Enhanced Influenza Vaccines Extend A(H3N2) Antibody Reactivity in Older Adults but Prior Vaccination Effects Persist
- PMID: 40178253
- PMCID: PMC12596410
- DOI: 10.1093/cid/ciaf060
Enhanced Influenza Vaccines Extend A(H3N2) Antibody Reactivity in Older Adults but Prior Vaccination Effects Persist
Abstract
Background: Influenza vaccine effectiveness can be reduced in older adults and among repeatedly vaccinated groups. Results from year 1 of "PIVOT," a randomized trial among adults aged ≥65 years in Hong Kong, showed that adjuvanted (Adj), high-dose (HD), and recombinant hemagglutinin (rHA) vaccines induced greater antibody responses against vaccine viruses than standard-dose (SD) influenza vaccine. Here, we examine the breadth of A(H3N2)-reactive antibodies induced during the first 2 study years (2017/2018, 2018/2019), and compare participants who received influenza vaccination annually, or not at all, for 5 years preceding enrollment.

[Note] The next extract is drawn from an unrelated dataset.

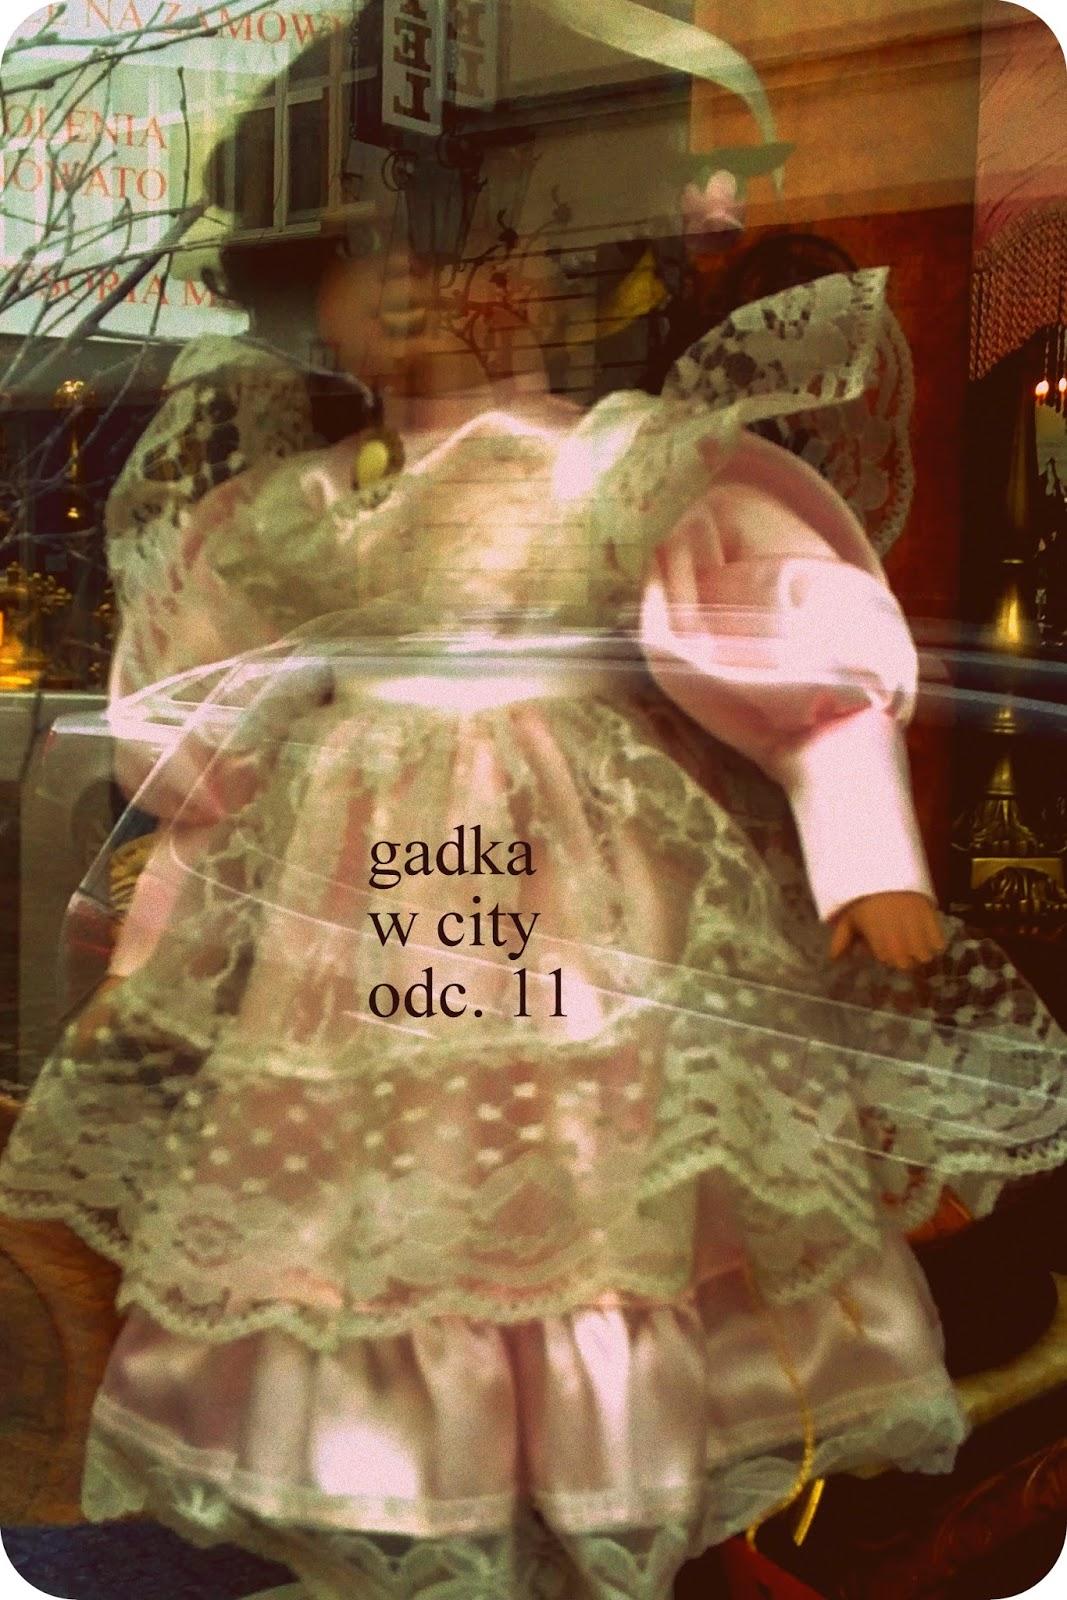 http://gadkaszmatkanabis.blogspot.com/2014/03/gadka-w-city-odc11-karton-lansu.html

Methods: 14-20 PIVOT participants per vaccine and prior vaccination group (0/5 or 5/5 prior years) who provided sera on days 0, 30, and 182 in year 1 and days 0 and 30 in year 2 were assessed. Hemagglutination inhibition (HAI) antibody titers were measured against 30 viruses spanning 1968 to 2018.
Results: In year 1, rHA and Adj but not HD vaccines induced titers ≥40 and titer rises ≥4-fold (seroconversion) against significantly more strains than SD vaccine among participants vaccinated 0/5 prior years. Only rHA and Adj vaccines induced titers ≥40 against post-vaccine strains. Antibody responses were poor among participants vaccinated 5/5 compared with 0/5 prior years and only rHA increased the breadth of seroconversion compared with the SD vaccine in this group. Antibody responses were weaker across groups in year 2.
Conclusions: The results suggest that Adj and particularly rHA vaccines may improve the breadth of protection against A(H3N2) viruses but may not overcome attenuating effects of repeated vaccination in older adults.
Clinical trials registration: NCT03330132.
Keywords: immunogenicity; influenza; older adults; public health; vaccination.
© The Author(s) 2025. Published by Oxford University Press on behalf of Infectious Diseases Society of America.
Conflict of interest statement
Potential conflicts of interest. A. F. reports a relationship with Sanofi Aventis France that includes funding grants and has consulted for Evidera. B. J. C. has consulted for AstraZeneca, Fosun Pharma, GlaxoSmithKline, Haleon, Moderna, Novavax, Pfizer, Roche, and Sanofi Pasteur. S. G. S. has consulted for Novavax, CSL Seqirus, Pfizer, Moderna, Evo Health and Astra Zeneca. All other authors report no potential conflicts. All authors have submitted the ICMJE Form for Disclosure of Potential Conflicts of Interest. Conflicts that the editors consider relevant to the content of the manuscript have been disclosed. Data availability. The data that support the findings of this study are available upon request to the corresponding author.